Dans les communautés afrodescendates la maladie mentale demeure un sujet tabou. Ces spasmes de l’esprit qui engagent vers des comportements erratiques, effraient, éloignent même, perturbent surement. Plus souvent qu’autrement schizophrénies, psychoses, bipolarité, dépression ou encore les troubles graves de l’anxiété sont évacués vers de commodes superstitions.
Pour mettre de la lumière dans cette obscurité assommante, l’auteure, directrice de création et intervenante psychosocial, Mariana Djelo Baldé, proposa en 2020 un premier livre qui s’intitula L’enfant derrière le miroir. Un an plus tard, le 25 septembre 2021, ce livre s’incarna dans une pièce de théâtre musical sur la scène du Bain Mathieu situé dans l’est de Montréal.
En deux mois, Mariana Baldé, native de la Guinée équatoriale, boucle la boucle de la pièce de théâtre musical : L’enfant derrière le miroir. « Après plusieurs mois de pandémie, les gens autour de nous, qu’on le veuille ou pas, passent par des moments difficiles. En tant qu’adulte vivant à Montréal, en tant qu’artiste, en tant que créatrice, le fait de créer sans savoir que ton œuvre va être vu ou lu, le fait de se poser la question, ca développe une certaine anxiété. Mais on ne sait pas que cela s’appelle anxiété parce qu’on n’est pas habituer à ce langage. Et quand on fait des recherches, on se rend compte que l’anxiété fait aussi partie des troubles de santé mentale. Puis, finalement on fini par comprendre qu’on connait une personne qui l’a vécu ou qui le vit. Comment en parler? Comment sensibiliser? Alors ce show, au-delà de faire la caricature, l’humour, la danse, on utilise l’art comme véhicule pour communiquer l’essentiel sans passer par un filtre de logique » nous confie Mariana sur la pertinence d’un tel exercice lors de cet avant-première.
Mariana Djelo Baldé semble avoir tapé dans le mille. Aucune chaise vide dans la soirée du 25 septembre 2021 au 2915 Rue Ontario Est. La communauté afrodescendante, assidue cette fois, s’est présentée accompagné, pour plusieurs, de leurs marmailles et pour d’autres, de leurs ami.e.s.
Rebecca, une Nigériane, fut invitée par une amie pour assister au spectacle. Ghislaine Bissalo, qui a lu le livre, est venu supporter sa meilleure amie, auteure du livre. Gotta Lago, Ivoirien à la naissance, artiste lui-même, s’est dit fasciné par le projet d’un théâtre musical. « Je n’ai jamais assisté, jamais vu le coté théâtre de la diaspora africaine » et de plus, ce percussionniste promet de se familiariser avec le livre suite au spectacle. Quant à Adeline Niyonkuru, 30 ans, d’origine rwandaise, elle est venue accompagnée de son amie par curiosité. « Pour moi c’est important de favoriser et de supporter la communauté noire. » révèle-t-elle.

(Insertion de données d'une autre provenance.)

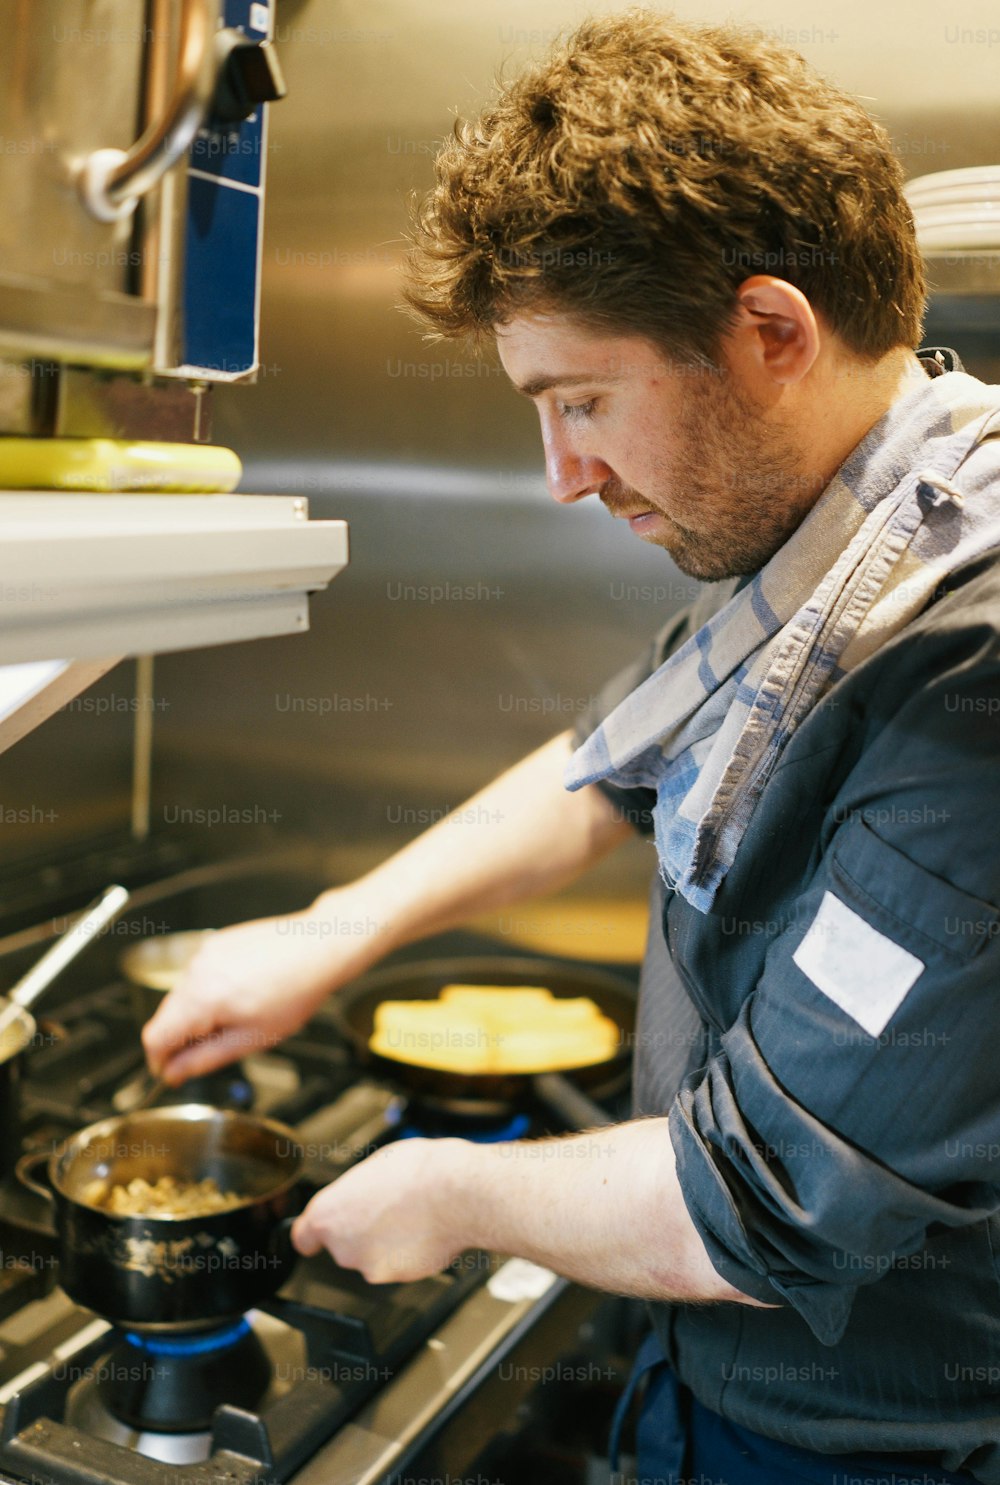 Un uomo che cucina il cibo su una stufa in una cucina

Sur scène, Mariana Baldé s’est magistralement approprié le rôle principal, celle d’une jeune femme tantôt déchirée, tantôt réconfortée par une voix intérieure et ce, devant un public en transe. La musique fut assurée par la l’auteure-compositrice-interprète Rebecca Jean. D’origine haïtienne, elle incarna la Nuit dans la pièce signée Mariana Djelo Baldé.
Les chorégraphies, nées de la danse contemporaine furent concoctées par un talentueux Colombien, danseur depuis 20 années, Fabian Silguero aidé par Lucca Bella Stothers. « La santé mentale et l’immigration sont liés. On passe toujours par un processus d’adaptation. Quand l’être humain quitte un endroit, il passe par des moments difficiles comme la dépression, l’anxiété, l’angoisse. On passe tous par là, même moi comme immigrant. » nous livre Fabian.
La santé mentale nous touche tous, oui tous. « Chacun sa folie », me glisse épisodiquement mon père atteint de schizophrénie.
L’auteure ni échappe pas. « J’ai moi-même pendant mon enfance souffert d’anxiété sociale. A l’école les autres enfants me trouvaient différente, parfois on jouait avec mes cheveux. Et tout cela a créé un coté introverti, la peur de s’exprimer, la peur de prendre sa place parce qu’on a peur d’être jugé, peur du regard de l’autre. Au fur et à mesure qu’on vit ces troubles d’anxiété on imagine toujours le pire. Alors cela gâte nos relations, cela fait en sorte que lorsque vous entreprenez quelque chose, vous n’allez pas au bout, signe de dépression. A certain moment, j’ai imaginé, du moins j’ai cru imaginer, la voix d’une enfant qui me parle. Je l’ai appelé L’enfant derrière le miroir » conclut Mariana Djelo Baldé.